Guvenen and Kuruscu construct a parsimonious overlapping-generations model of human capital accumulation and study its quantitative implications for the evolution of the U.S. wage distribution from 1970 to 2000. A key feature of the model is that individuals differ in their ability to accumulate human capital, which is the main source of wage inequality in this model. The authors examine the response of this model to skill-biased technical change (SBTC), which is modeled as an increase in the trend growth rate of the price of human capital starting in the early 1970s.The model’s behavior is consistent with several important trends observed in the U.S. data, including: the rise in overall wage inequality; the fall and subsequent rise in the college premium, as well as the fact that this behavior was most pronounced for younger workers; the rise in within-group inequality; the stagnation in median wage growth, and the small rise in consumption inequality despite the large rise in wage inequality.The authors consider different scenarios regarding how individuals’ expectations evolve during SBTC. Specifically, they study the case where individuals immediately realize the advent of SBTC (perfect foresight) and the case where they initially underestimate the future growth of the price of human capital (pessimistic priors), but learn the truth in a Bayesian fashion over time. Lack of perfect foresight appears to have little effect on the main results of the paper. Overall, the model shows promise for explaining a diverse set of wage distribution trends observed since the 1970s in a unifying human capital framework.

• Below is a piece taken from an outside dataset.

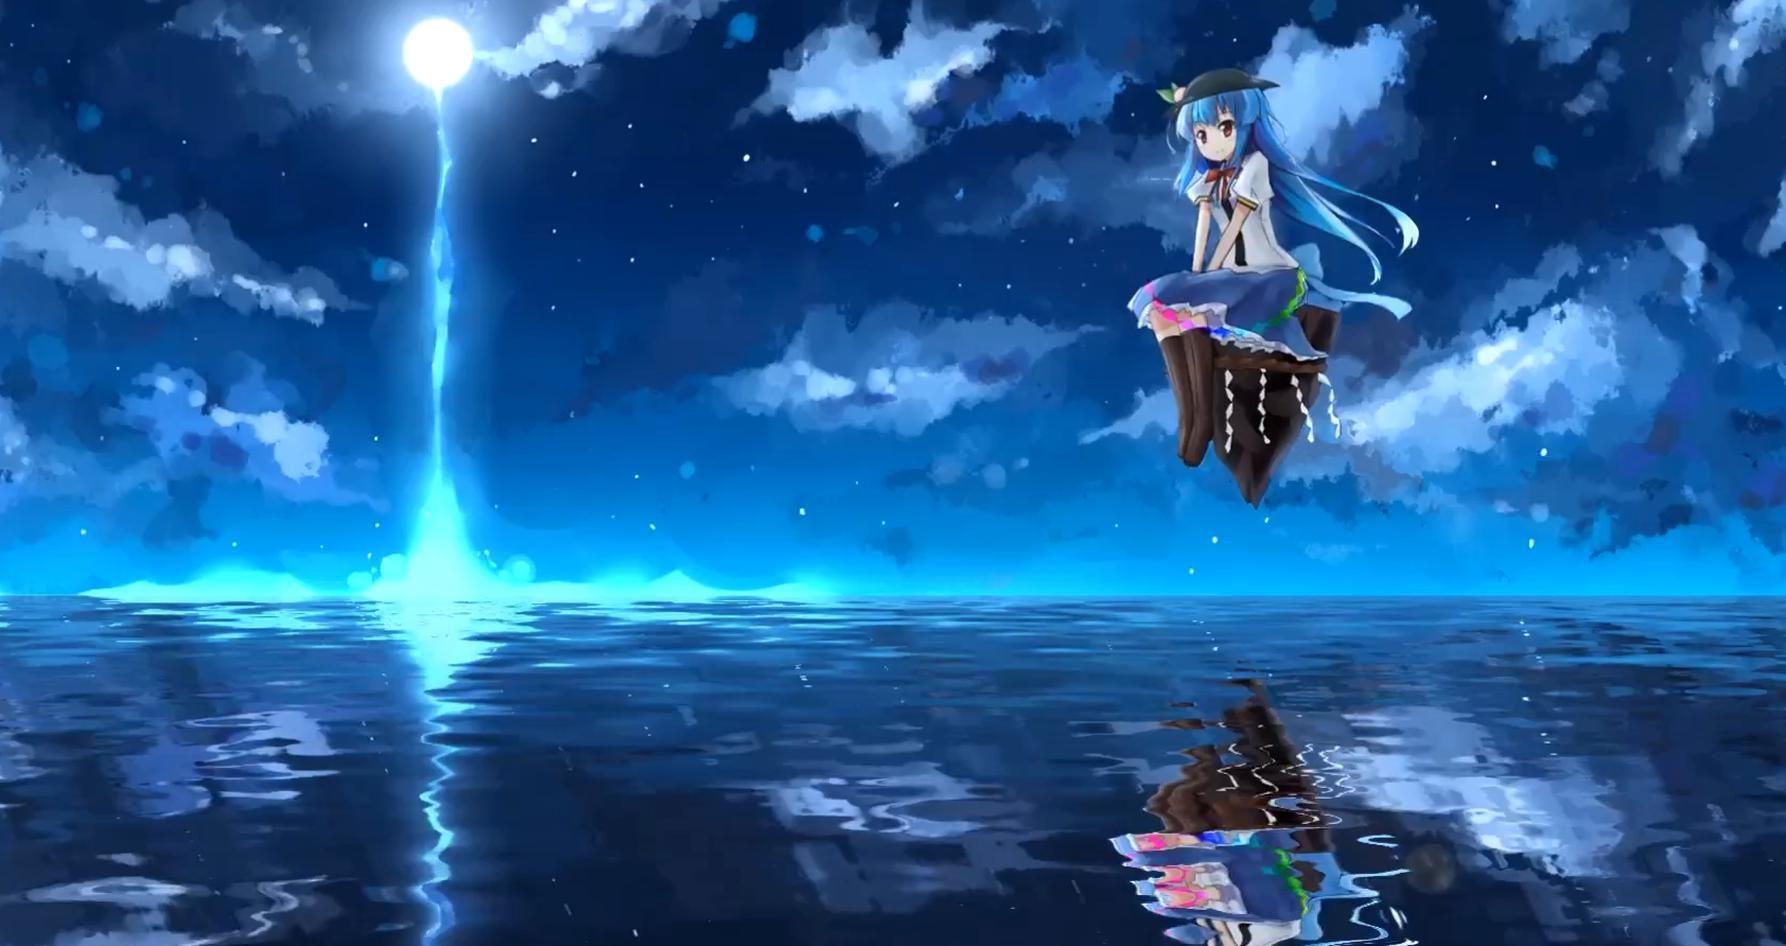 Free Anime Wallpaper Engine ayam

George-Marios Angeletos, MIT and NBER, and Jennifer La’O, MIT
Noisy Business Cycles

Angeletos and La’O investigate a real-business-cycle economy that features dispersed information about aggregate shocks to productivity, tastes, and monopoly power (the “fundamentals”). First, they highlight why dispersed information is distinct from uncertainty about the fundamentals: only with dispersed information can agents face uncertainty about the level of economic activity, beyond what they face about the fundamentals. Next the researchers show how this type of uncertainty can: contribute to significant noise in the business cycle, even when agents are well informed about the fundamentals; increase inertia in the response of macroeconomic outcomes to aggregate productivity shocks; induce a negative short-run response of employment to aggregate productivity; formalize a certain type of demand shocks within an RBC economy; and generate cyclical variation in observed Solow residuals and labor wedges. Turning to the normative properties, the authors show that none of the aforementioned properties are symptoms of inefficiency: if there are no mark-up shocks and information is fixed, then the business cycle is constrained efficient.


Paul Beaudry, University of British Columbia and NBER, and Bernd Lucke, University of Hamburg
Letting Different Views about Business Cycles Complete (appendix)

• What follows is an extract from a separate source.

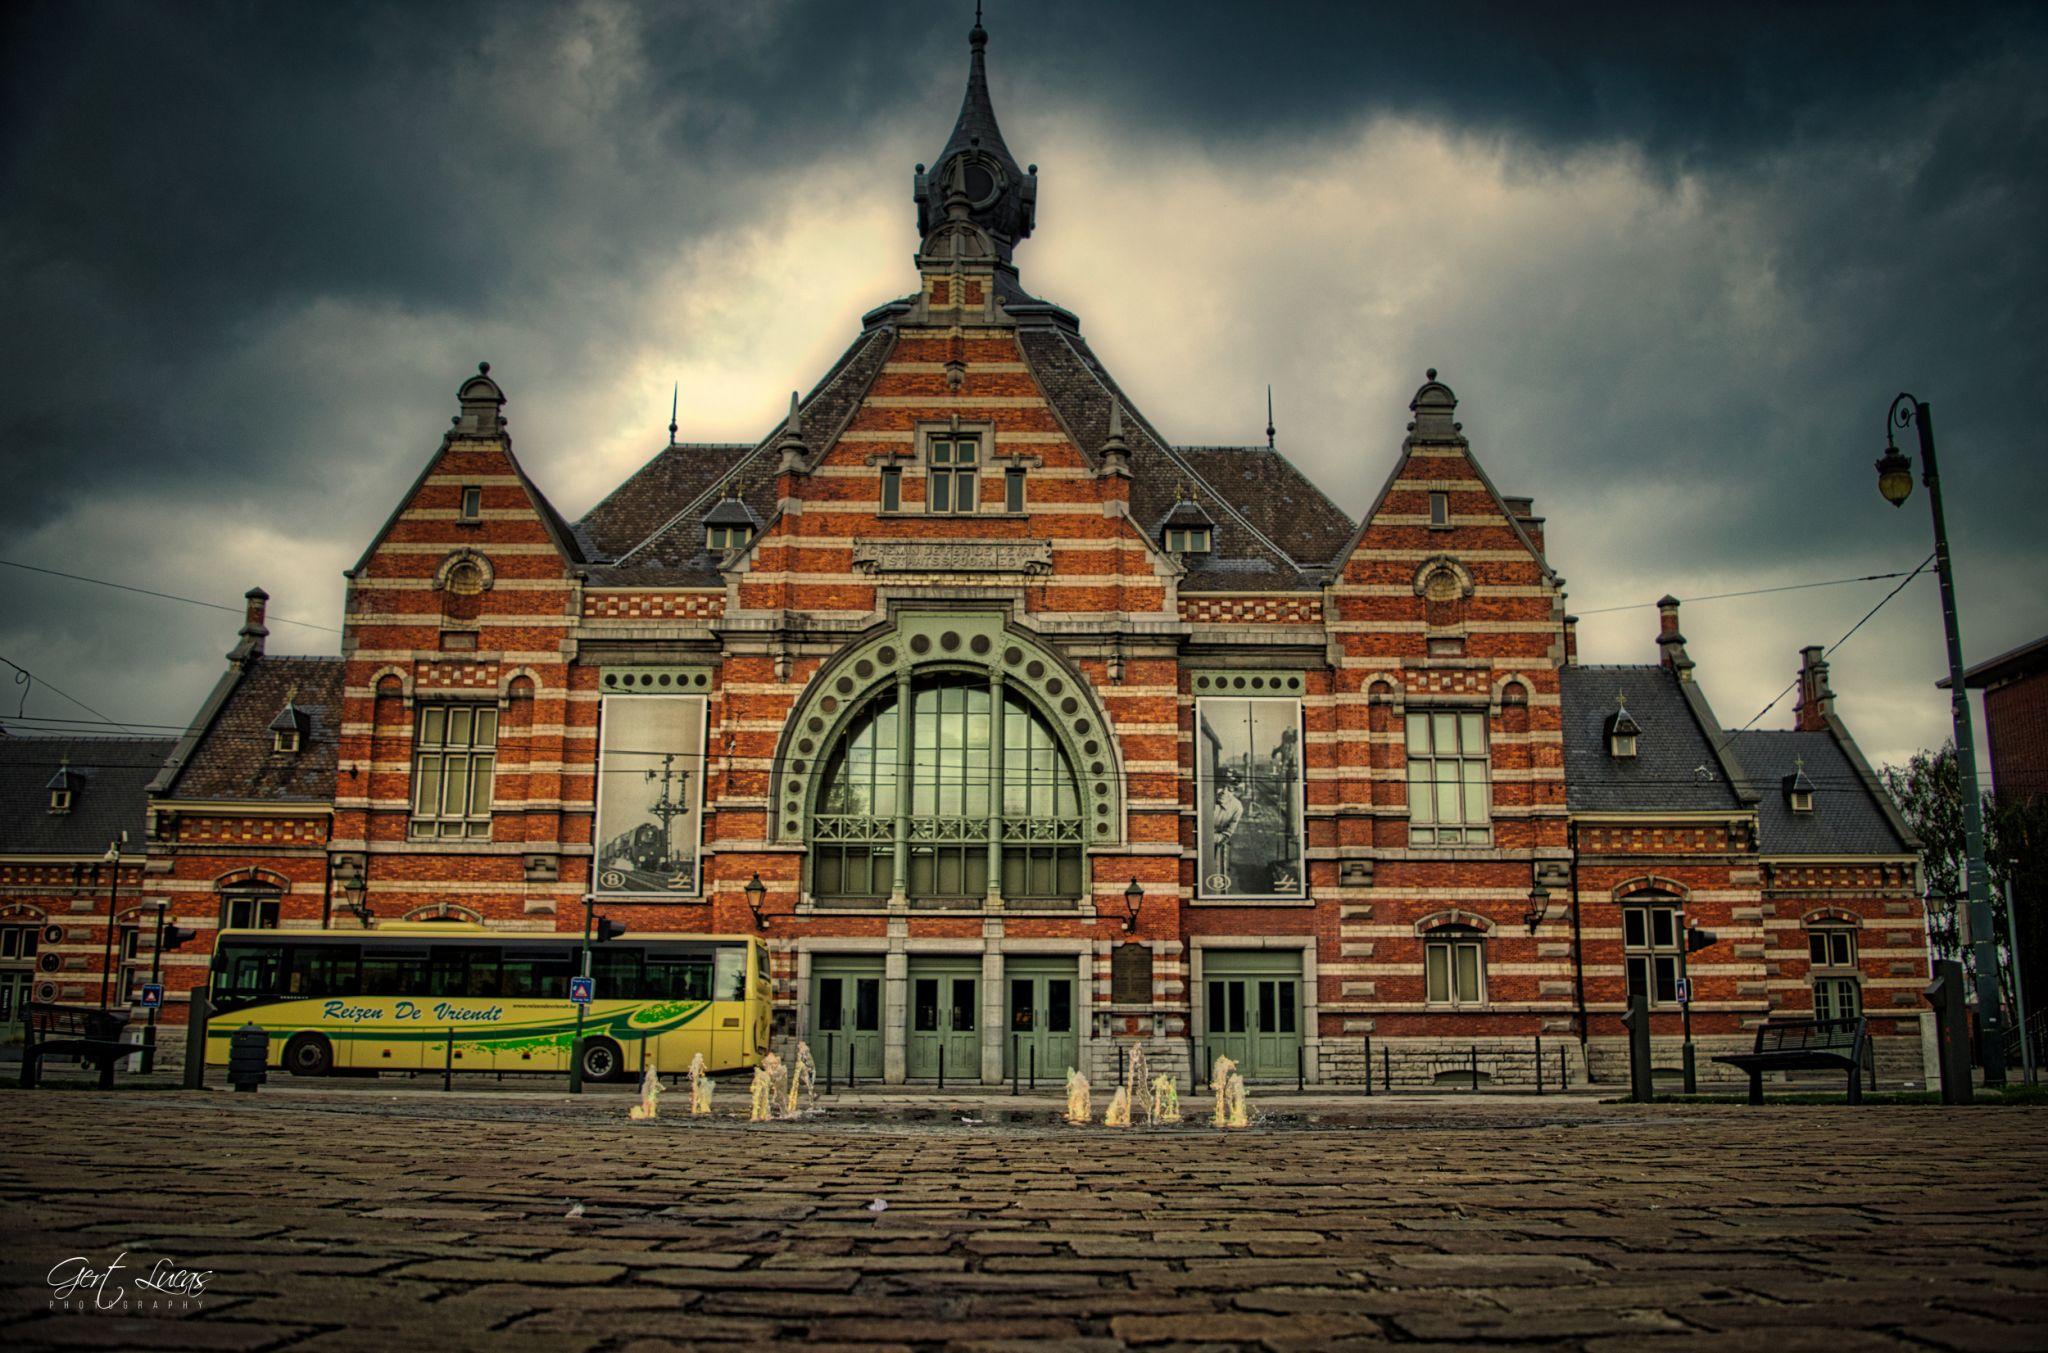 Trainworld - old station, Belgium

There are several possible explanations for macroeconomic fluctuations. Two of the most commonly discussed are surprise changes in disembodied technology and monetary innovations. Another popular explanation is found under the heading of a preference, or more generally a demand shock. More recently, two other explanations have been advocated: surprise changes in investment-specific technology and news about future technology growth. Beaudry and Lucke quantitatively assess the relative merits of all these explanations by adopting a framework that allows them to compete. In particular, the researchers propose a co-integrated SVAR approach that encompasses all 5 shocks and thus offers a coherent evaluation of the dynamics they induce, as well as their contribution to macroeconomic volatility. The main finding here is that surprise changes in technology, whether disembodied or embodied in nature, account for very little of fluctuations. Instead, expected changes in technology appear to be an important force, with preference/demand shocks and monetary shocks also playing non-negligible roles.